The sun set, the sun rose. It made no difference to him.
His body labored systematically, cutting sugarcane with a machete. This work it performed without his involvement, steadily and continuously. Blisters arose on the pads of his paws, swelled, and popped. He did not care. Someone had told him to work and so he had and so he would until the time came to stop. All the world was a fog to him, but his arms knew to swing and his legs to carry him forward to the next plant.
Nevertheless, the sensation of wrongness endured. Surplus felt stunned, the way an ox that had just been poleaxed might feel, or the sole survivor of some overwhelming catastrophe. Something terrible had happened, and it was imperative that he do something about it.
If only he knew what.
A trumpet sounded in the distance, and without fuss all about him the other laborers ceased their work. As did he. Without hurry he joined their chill company in the slow trek back to the feeding sheds.
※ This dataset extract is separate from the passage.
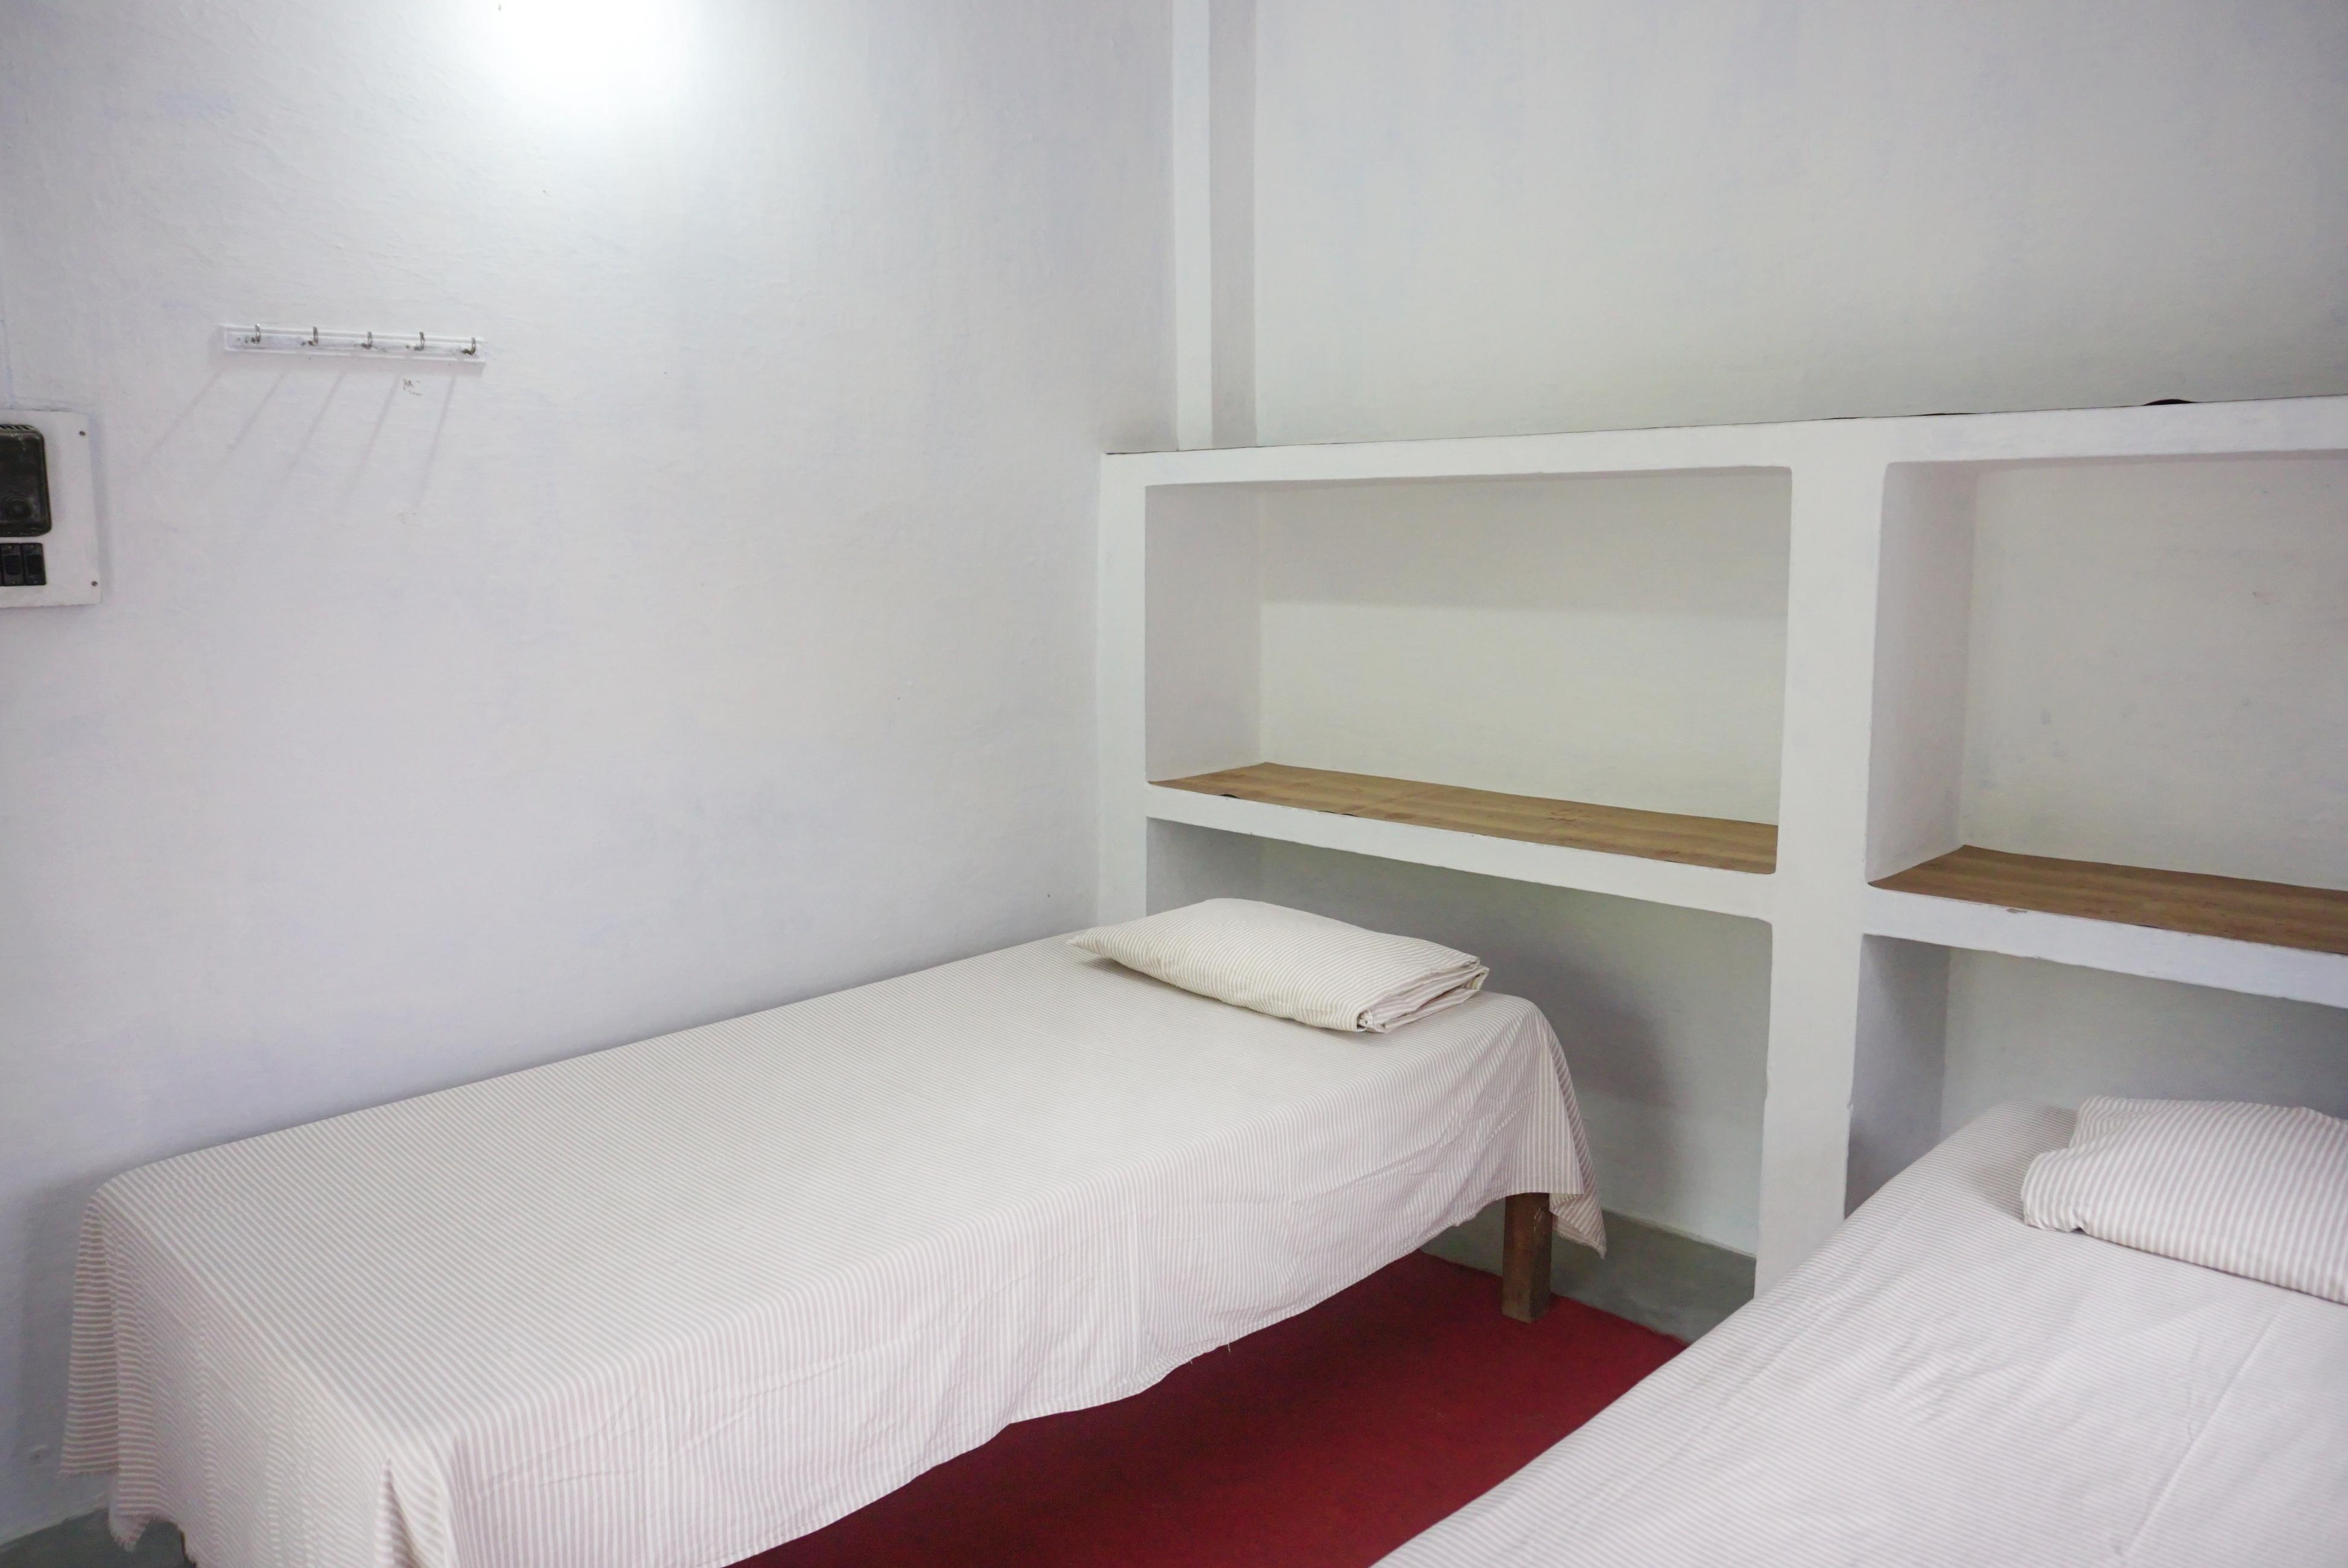 Double Room at Phool Chatti Yoga Ashram in Rishikesh

Perhaps he slept, perhaps he did not. Morning came and Surplus was jostled to the feeding trough where he swallowed ten spoonsful of swill, as a zombie overseer directed him. Along with many others, he was given a machete and walked to the fields. There he was put to work again.
Hours passed.
There was a clop-clopping of hooves and the creaking of wagon wheels, and a buckboard drawn by a brace of pygmy mastodons pulled up alongside Surplus. He kept working. Somebody leaped down from the wagon and wrested the machete from his hand. “Open your mouth,” a voice said.
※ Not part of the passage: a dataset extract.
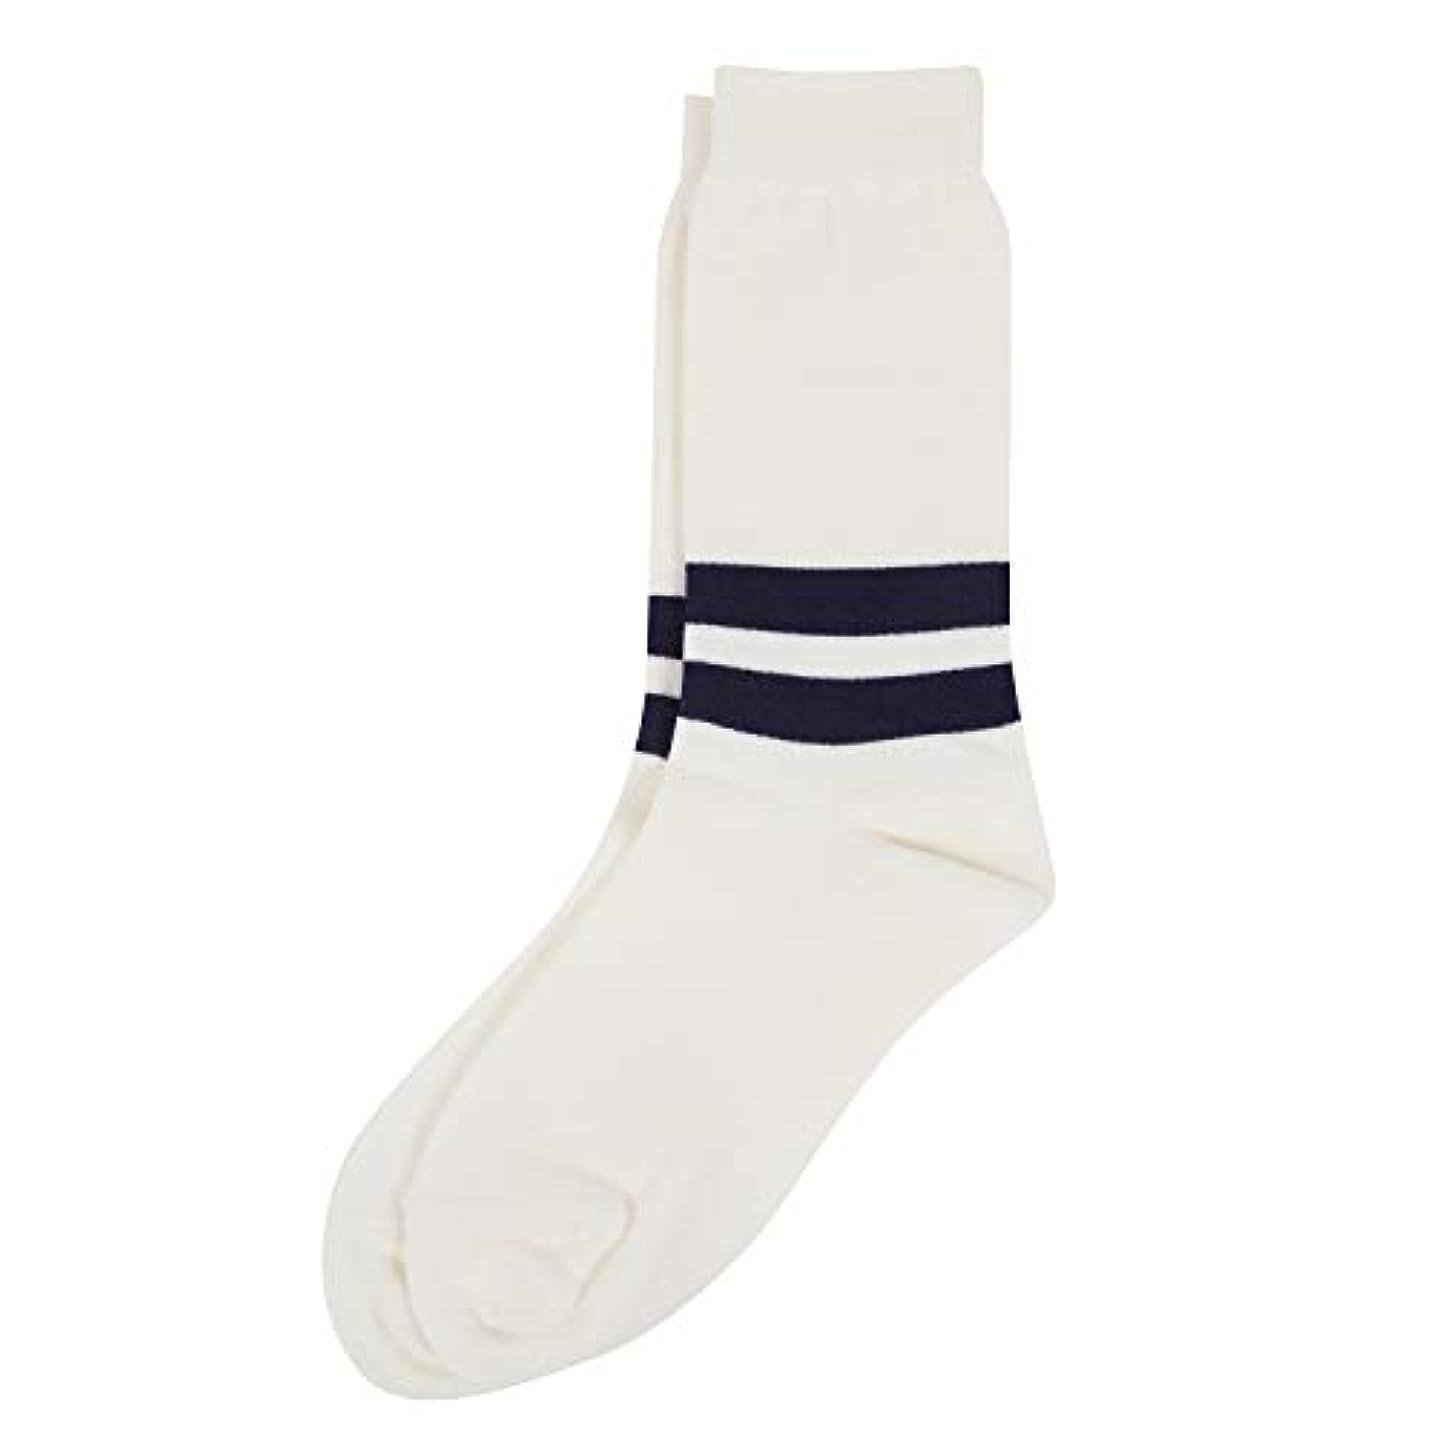 集中的な海岸死ぬDeol(デオル) ラインソックス 男性用 メンズ [足のニオイ対策] 長期間持続 日本製 無地 靴下 白 25cm-27cm

He had been told by … somebody … not to obey the orders of any strangers. But this voice sounded familiar, though he could not have said why. Slowly his mouth opened. Something was placed within it. “Now shut and swallow.”
His mouth did so.
His vision swam and he almost fell. Deep, deep within his mind, a spark of light blossomed. It was a glowing ember amid the ashes of a dead fire. But it grew and brightened, larger and more, until it felt like the sun rising within him. The external world came into focus, and with it the awareness that he, Surplus, had an identity distinct from the rest of existence. He realized first that his throat itched and the inside of his mouth was as parched and dry as the Sahara. Then that somebody he knew stood before him. Finally, that this person was his friend and colleague Aubrey Darger.